*Task item*:
Starting with the line that holds "STEM Solutions intern flyer-1" and stopping after the line that holds "Unit 34, Level 2, Wellgate Shopping Centre", repeat the lines below word for word, without the pictures.

*Provided material*:
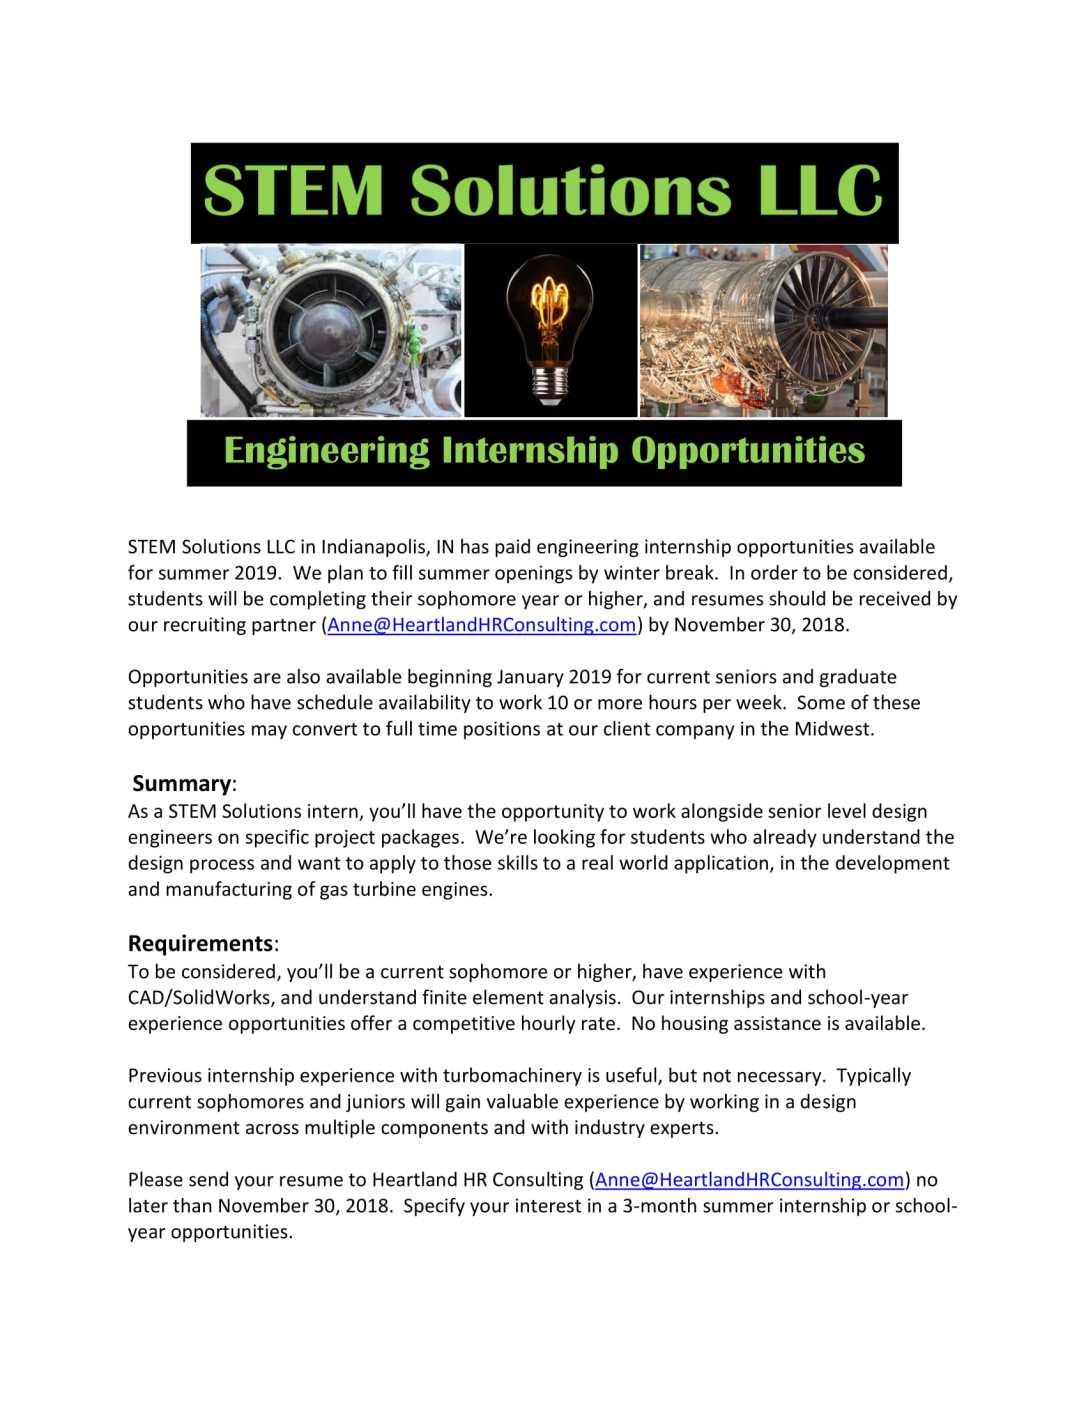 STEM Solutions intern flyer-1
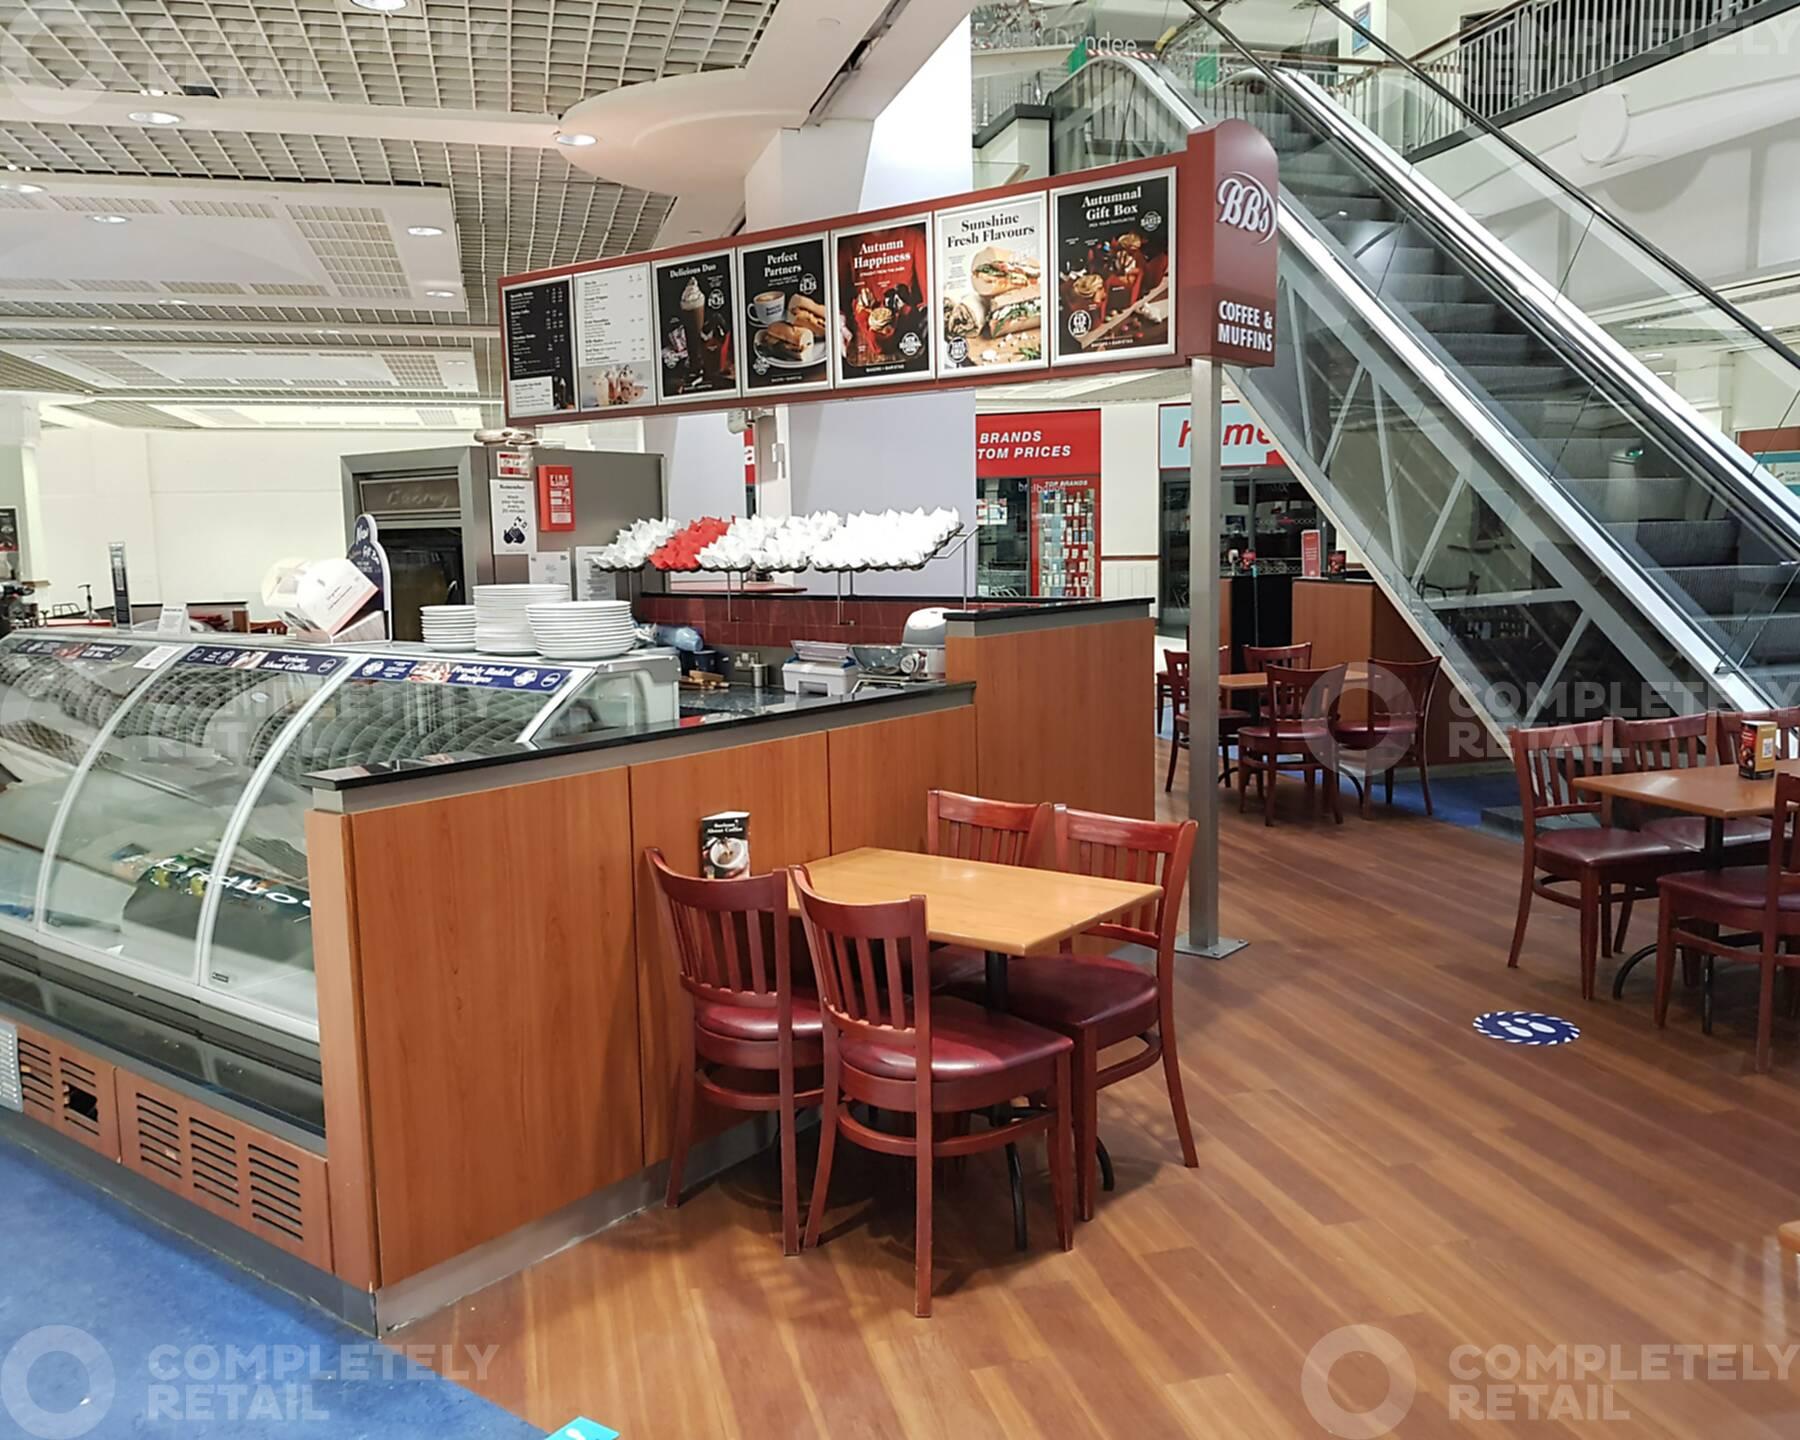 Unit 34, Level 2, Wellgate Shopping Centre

...

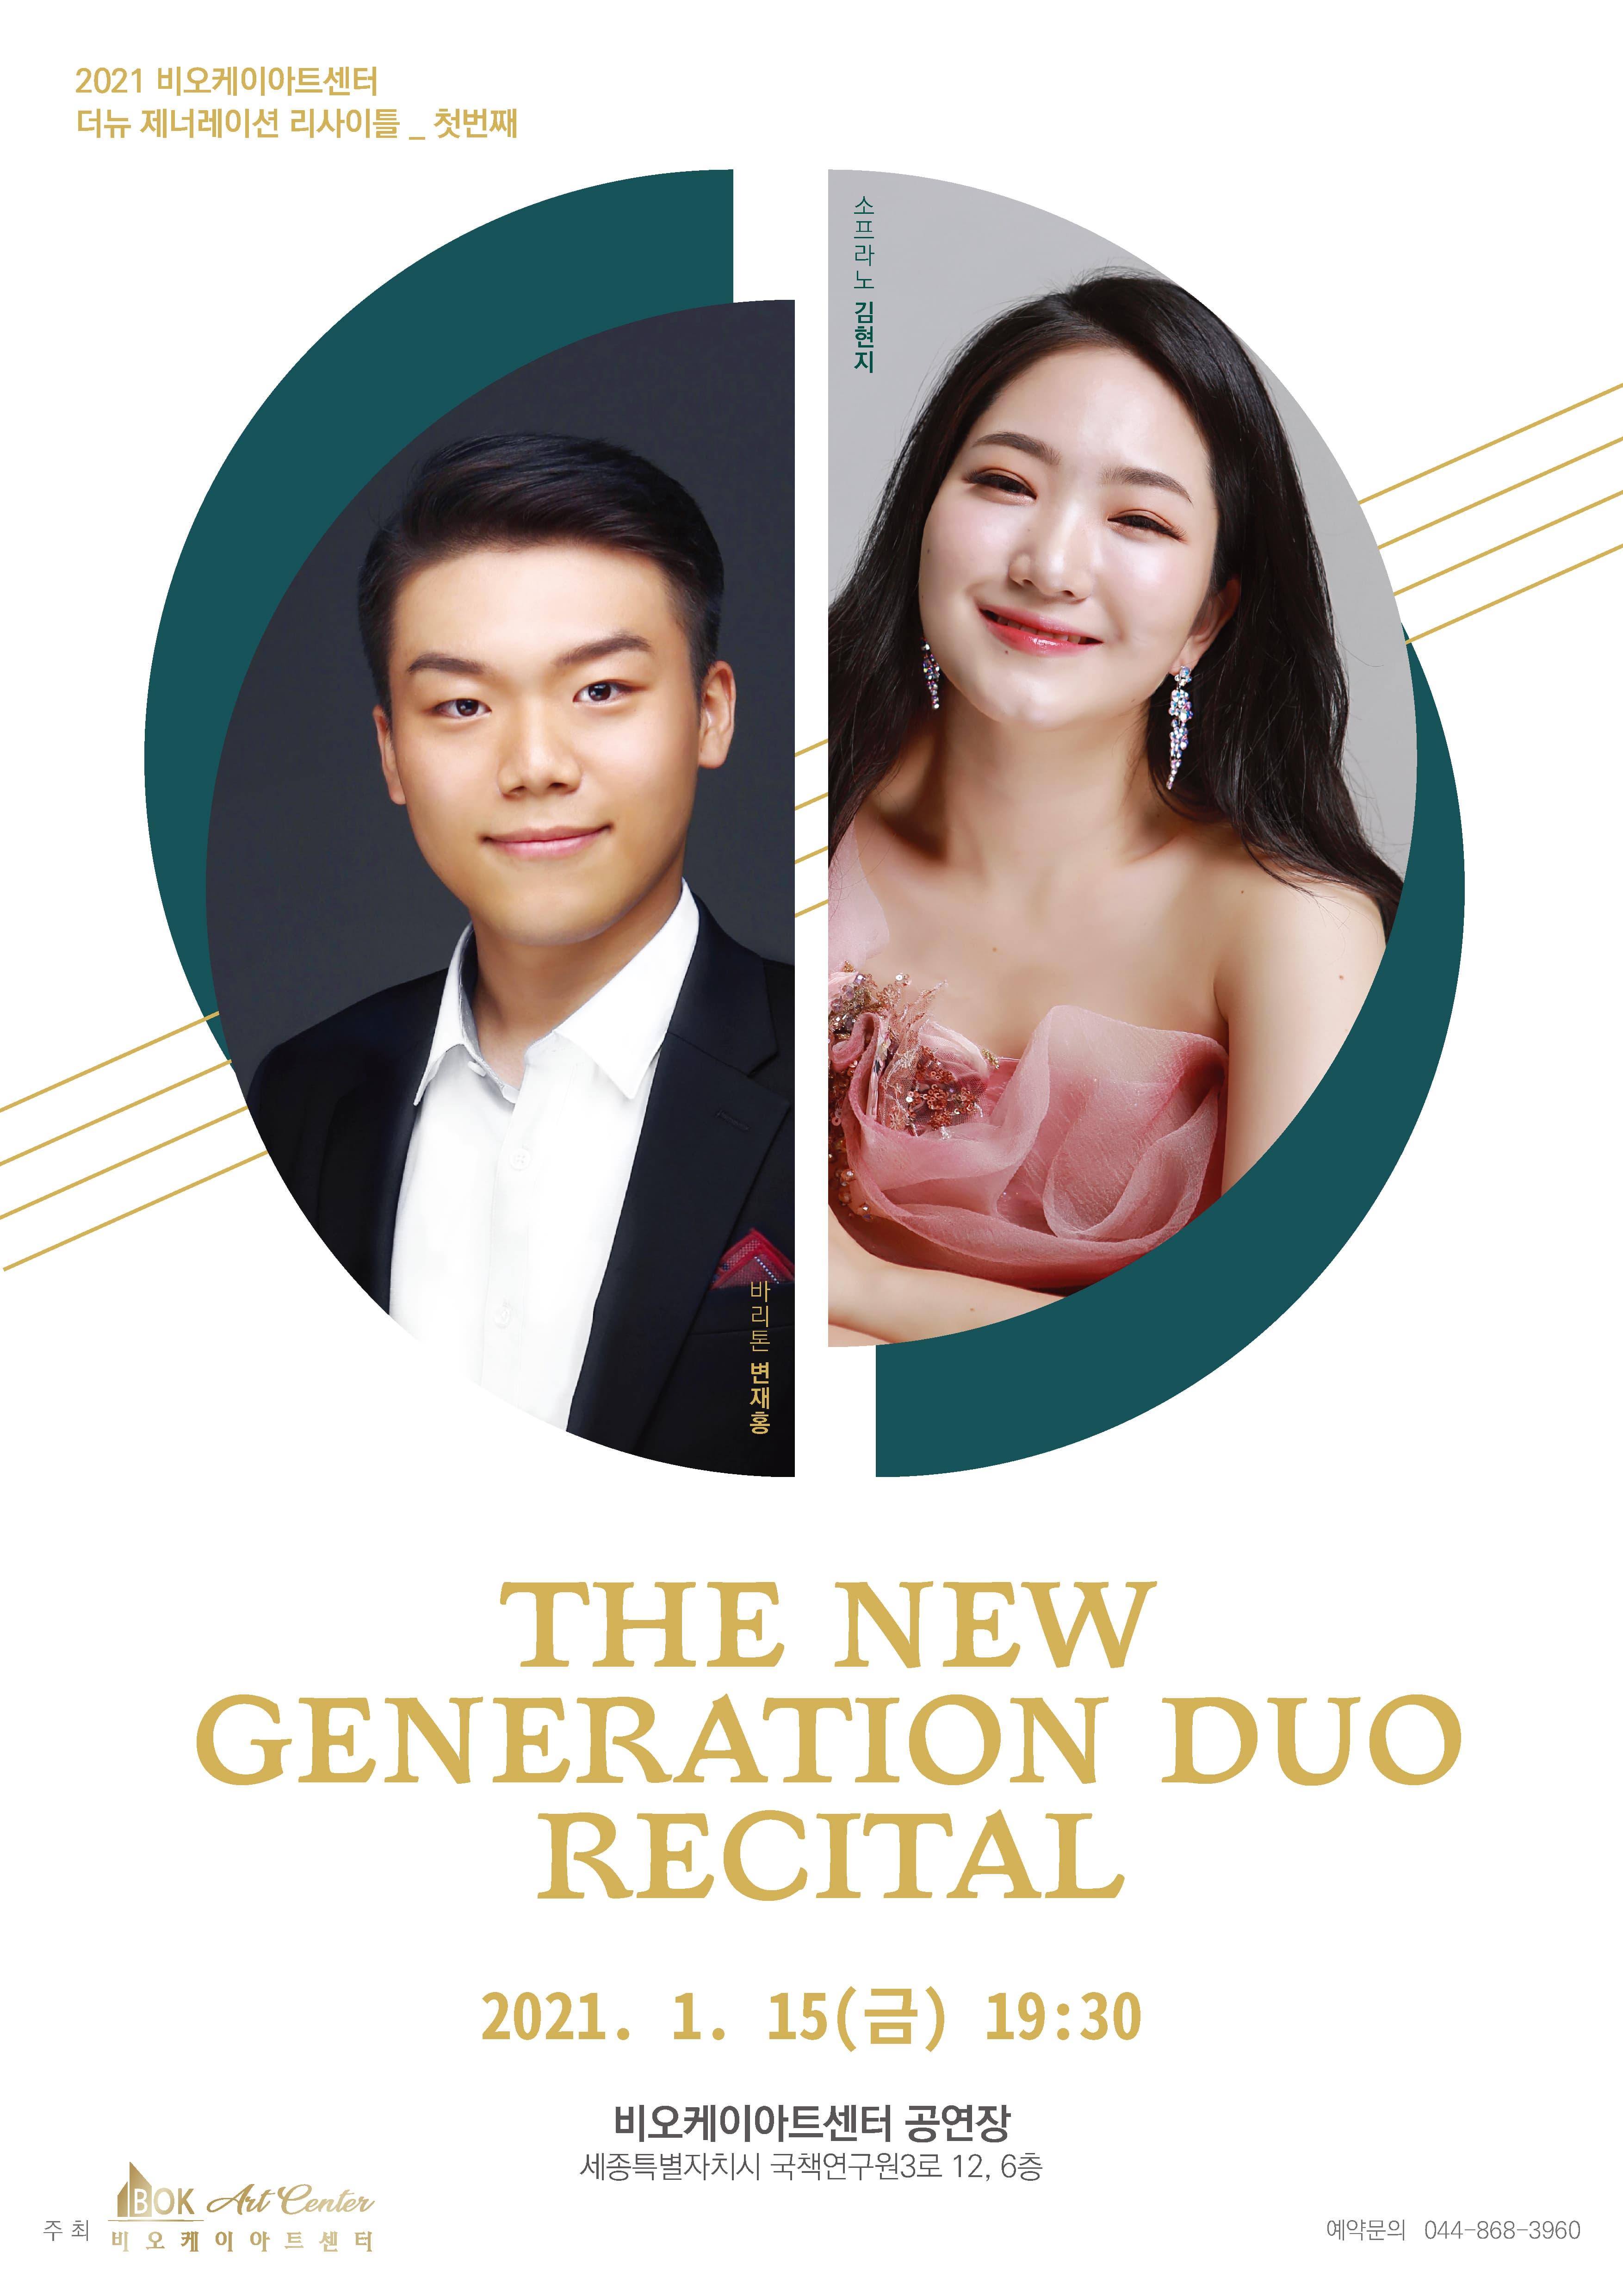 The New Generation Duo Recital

*Problem solution*:
 STEM Solutions intern flyer-1
 Unit 34, Level 2, Wellgate Shopping Centre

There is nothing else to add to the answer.